Enterprise topic design therefore must align ownership, naming, retention, and schema evolution. Confluent’s schema evolution documentation provides compatibility mechanisms that should be integrated into topic design—because a topic without compatibility governance becomes a breaking-change surface. EA governance checklist
- Domain-aligned naming and ownership model
- Retention classes and replay expectations
- Partitioning strategy considerations
- Governance: compatibility modes and change review
- Pitfalls and anti-patterns
Topic taxonomy: three categories every enterprise needs
A well-designed topic taxonomy is the foundation of a governable Kafka platform. Without it, topics proliferate chaotically — developers create topics ad-hoc, naming conventions diverge, and nobody knows what data flows where. The taxonomy organizes topics into three categories with distinct governance rules.
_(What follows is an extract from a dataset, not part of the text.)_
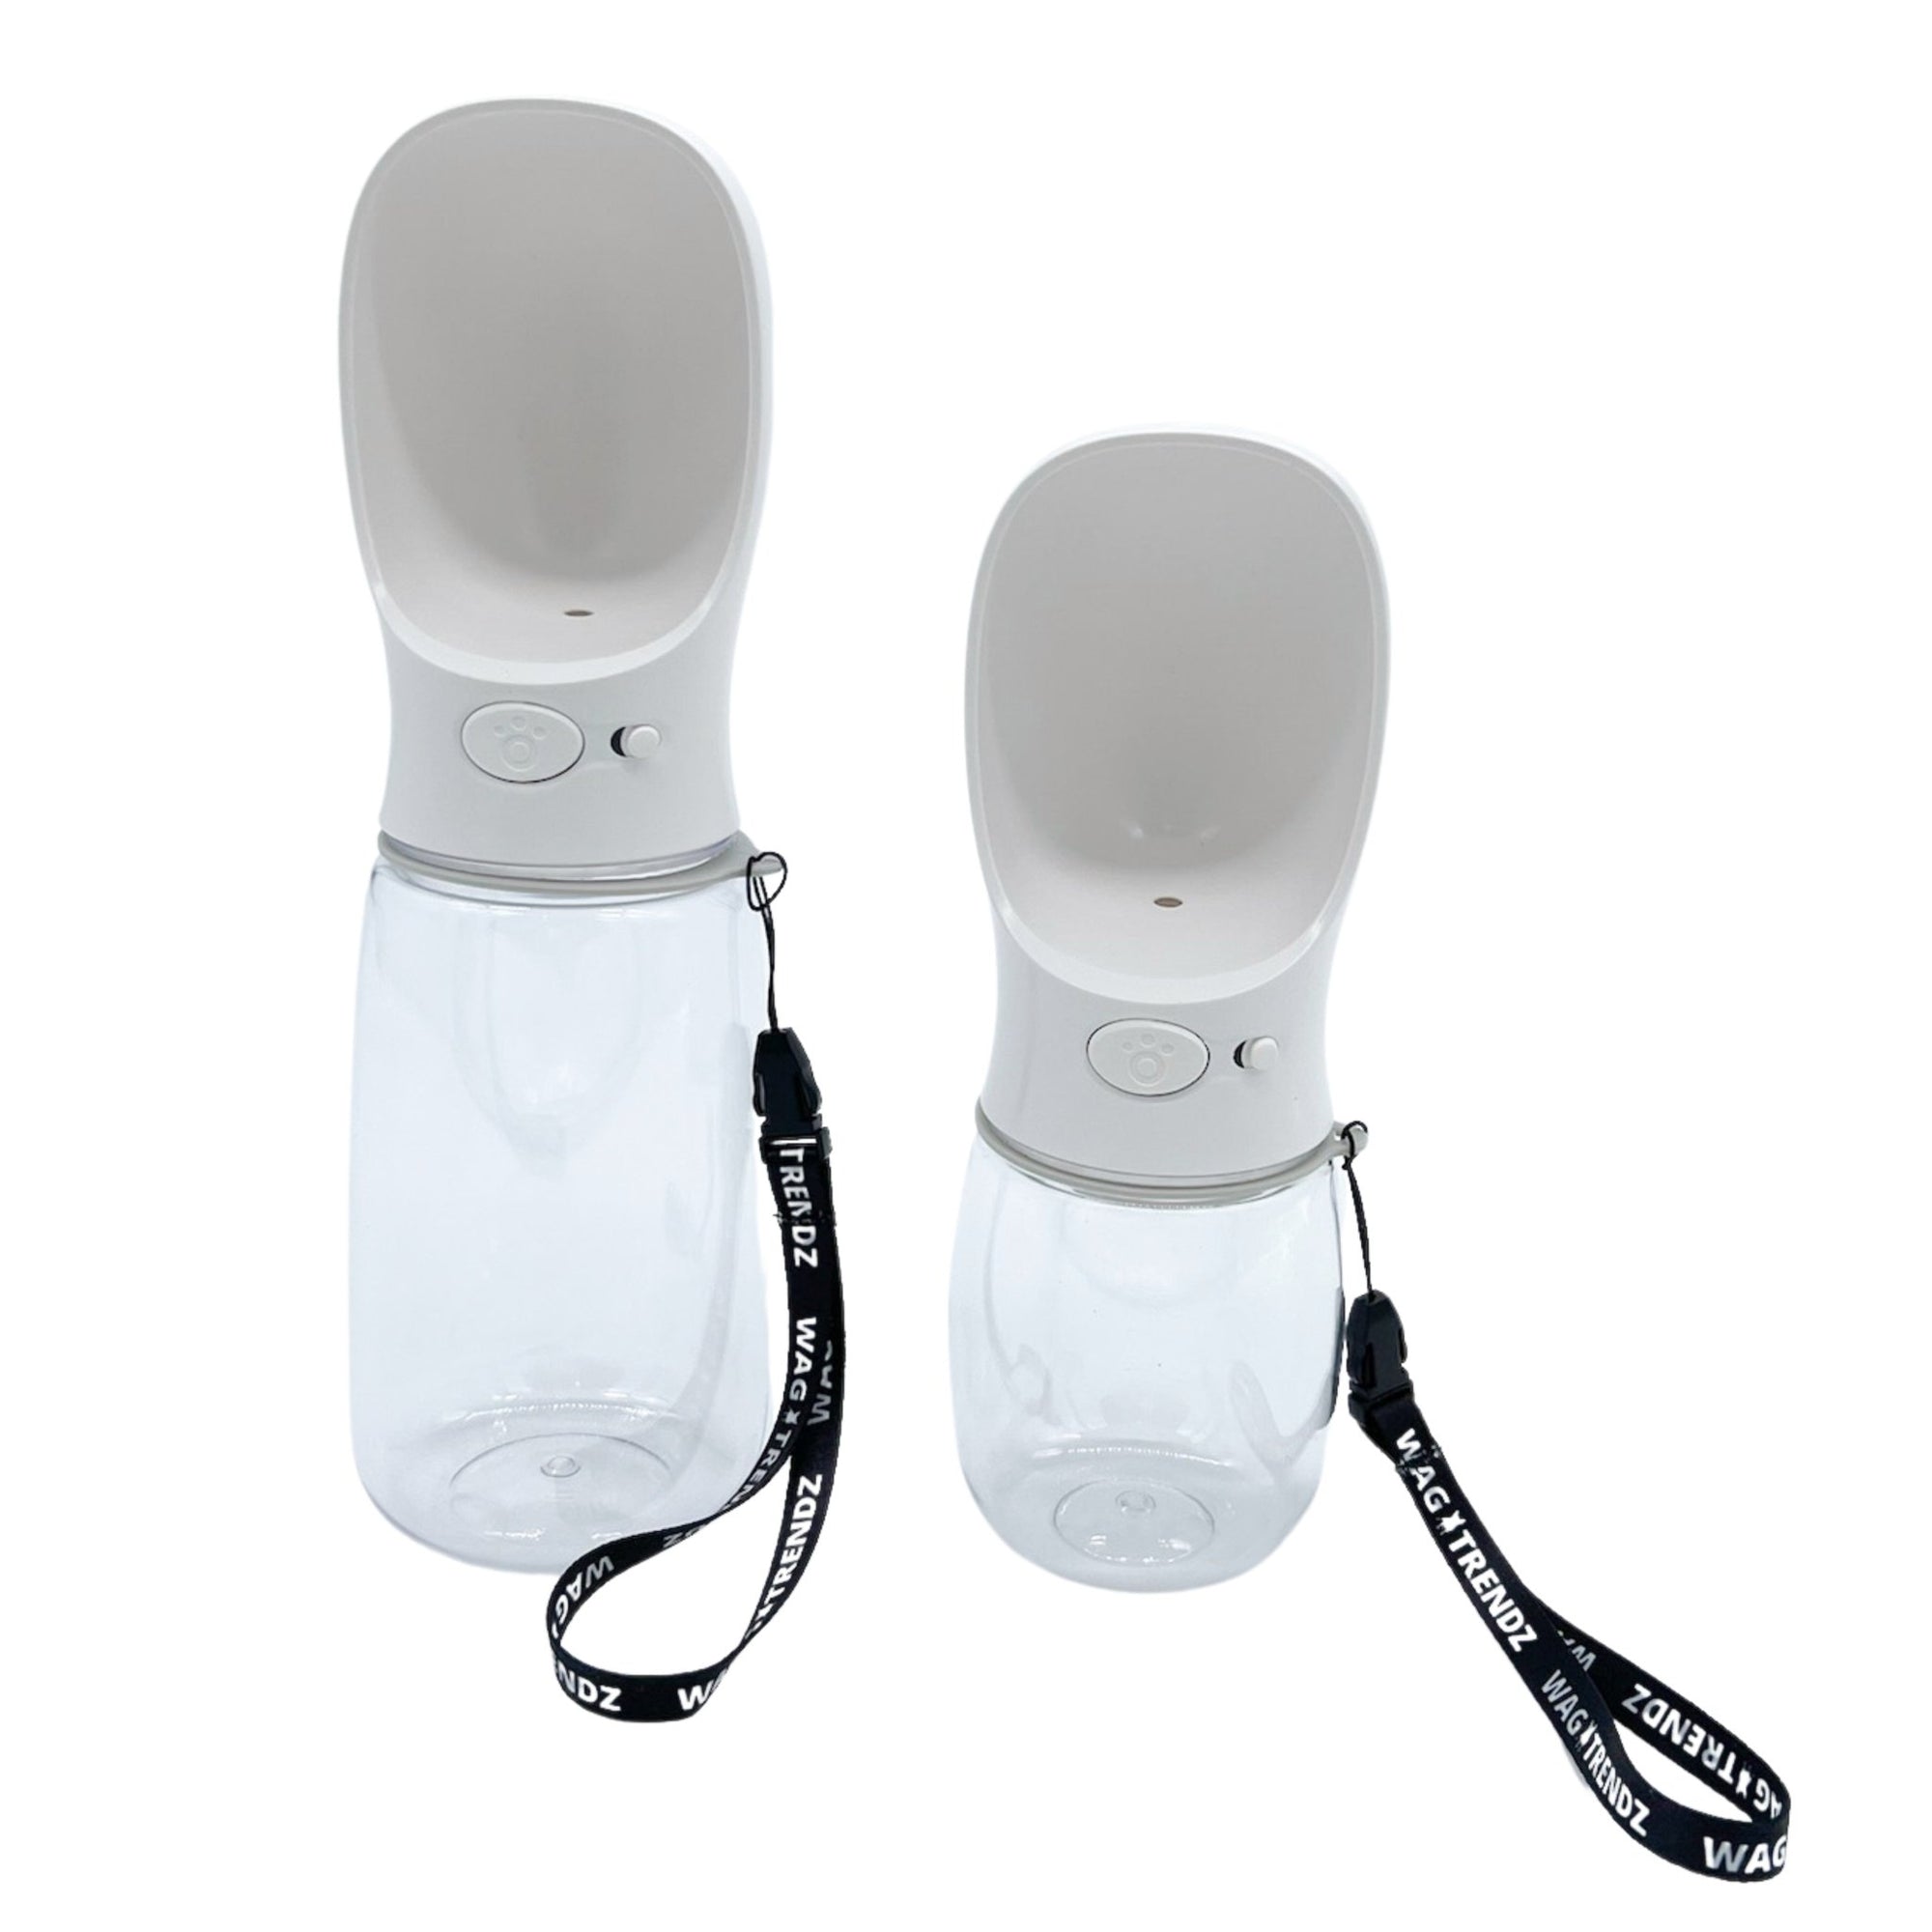 Dog Portable Water Bottle - white with black &amp; white logo strap - large and small against solid white background - Wag Trendz

ArchiMate modeling standards
Domain event topics carry business-meaningful events: payments.transaction.authorized, orders.item.shipped, customers.profile.updated. Naming convention: domain.entity.action. These are the most valuable topics — they represent the real-time pulse of the business. Governance: owned by the domain team, schema-registered, backward-compatible evolution required.
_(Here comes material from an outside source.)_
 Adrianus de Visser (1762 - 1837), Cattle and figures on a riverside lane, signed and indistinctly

Integration topics bridge Kafka with external systems: legacy.erp.sync.daily (batch sync from legacy ERP), partner.feed.inbound (partner data feeds), cdc.database.changes (Change Data Capture from operational databases). Naming convention: source.system.purpose. Governance: owned by the integration team, often carrying raw data that requires transformation before consumption.
Operational topics serve platform-internal purposes: audit.log.all-events (compliance audit trail), retry.dlq.payments (dead letter queue for failed payment processing), internal.metrics.pipeline (platform telemetry). Naming convention: purpose.scope.detail. Governance: owned by the platform team, not exposed to domain consumers.
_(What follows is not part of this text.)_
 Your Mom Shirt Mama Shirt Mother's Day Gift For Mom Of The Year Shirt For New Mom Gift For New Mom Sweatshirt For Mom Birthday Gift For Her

Topic lifecycle management
Topics have a lifecycle: Proposed → Approved → Active → Deprecated → Archived. New topics require a design review that checks: naming compliance, schema registration, partition count justification, retention policy, and consumer access list. This prevents the "wild west" of uncontrolled topic creation that plagues unmanaged Kafka deployments.
Partition strategy by throughput tier
Partition count is the most consequential Kafka design decision because it cannot be reduced after creation (only increased). Too few partitions limits consumer parallelism and throughput. Too many creates overhead in metadata management, leader elections, and end-to-end latency. The right number depends on the throughput tier.
Low volume (under 1K messages/sec): Three partitions provide sufficient parallelism for a single consumer group. Standard retention (7 days) is appropriate. Most enterprise topics fall into this tier — not every event stream is high-throughput. Resist the temptation to over-partition: 50 partitions for a 10-message-per-second topic wastes broker resources.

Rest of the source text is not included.